Костылев: Ну, хочешь играть в серьезную игру, играй в нее серьезно.

Герасименко: Как проверили, что это не фейк тогда? А вдруг я сняла дома игрушечный калаш?

Костылев: Так не бывает.

Герасименко: Хороший аргумент, у нас бы в редакции он не прошел.

Костылев: Знаете, когда мы говорим про эту бойню, про вот это видео, и про то, что на моменте это появляется, то здесь невозможны никакие другие варианты. И, кстати говоря, у меня действительно есть такая проблема: я время от времени пробую взять людей  с линейных позиций  Мэша, Базы – приходят и никто не закрепляется. Потому что в этот момент принятия решения – он точно так же принимается редакторами в Мэше, в Базе. 

Герасименко: На интуиции?

Костылев: Конечно. Никто никогда не уверен на сто процентов. И история с Ваней Голуновым – тому подтверждение. Тебе может даже скинуть ответ пресс-служба, но ты не должен верить. Вот, чему я учу журналистов: я все время говорю, что априори мы не верим ни во что, ни в одно сообщение пресс-службы. 

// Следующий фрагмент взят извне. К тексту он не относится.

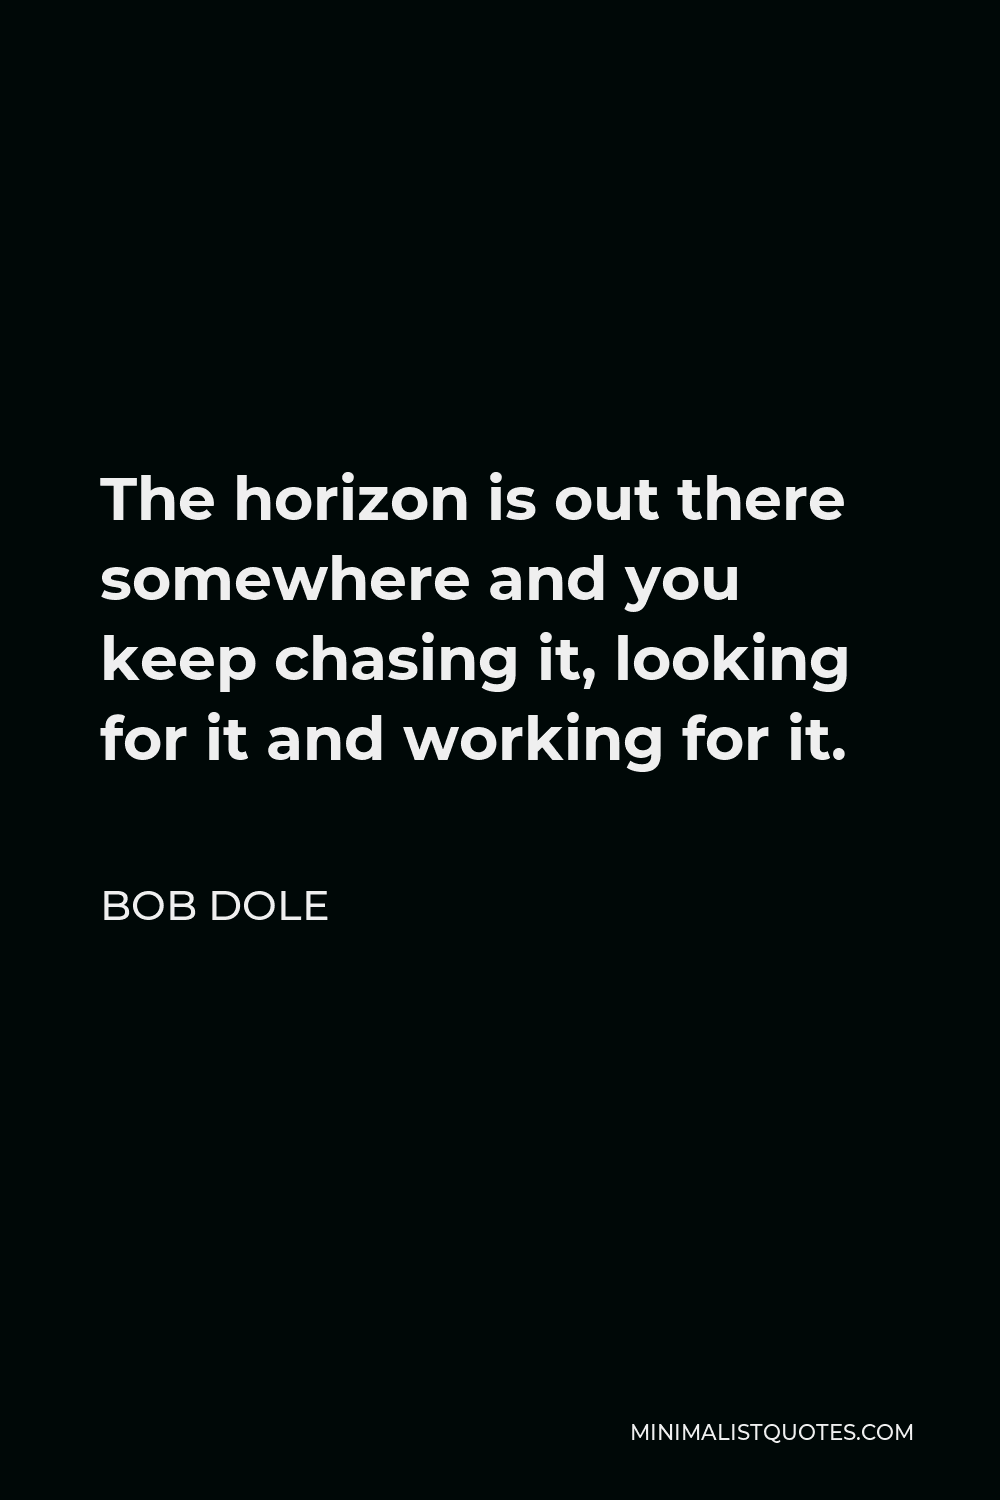 Bob Dole Quote - The horizon is out there somewhere and you keep chasing it, looking for it and working for it.

Герасименко: А как вы тогда проверили фотографии шутера?  

Костылев: В смысле, как мы могли проверить? Невозможно за 3 минуты сделать никакой фейк. Если вот у тебя есть он, есть соответственно тому подтверждение, ни одна программа не сможет сделать так быстро, это без вариантов. Этот вопрос, который вы задаете, он для нормального новостного редактора даже не должен стоять. 

Герасименко: Так так же сделали с квартирой Голунова, полной опиатов. Появилась – ставим. 

Костылев: Нет. Это разные вещи. 

Герасименко: Почему? В тот же самый час, за два часа до задержания.

Костылев: Два час и три минуты – разные вещи. И плюс мы говорим про что? Про шутинг. Какая мотивация? Вот это еще один важный момент, который я задаю журналистам: задавайте этот вопрос. Про что это? Почему это сейчас появилось? Есть ли здесь какая-то тайная логика, поймите ее. Если она есть, как с Ваней Голуновым, мы все понимали сразу. А здесь мы про что говорим? Что кто-то будет отмазывать некоего больного ублюдка, который расстрелял детей? 

Ну о чем вы говорите, это не то что нереально, это те сомнения, которые убивают журналистику. Нельзя уходить – вот это я тоже считаю чисто московская фишка — в излишнюю верификацию. Излишняя верификация – она на кого ориентирована? Читателю на самом деле на нее плевать. 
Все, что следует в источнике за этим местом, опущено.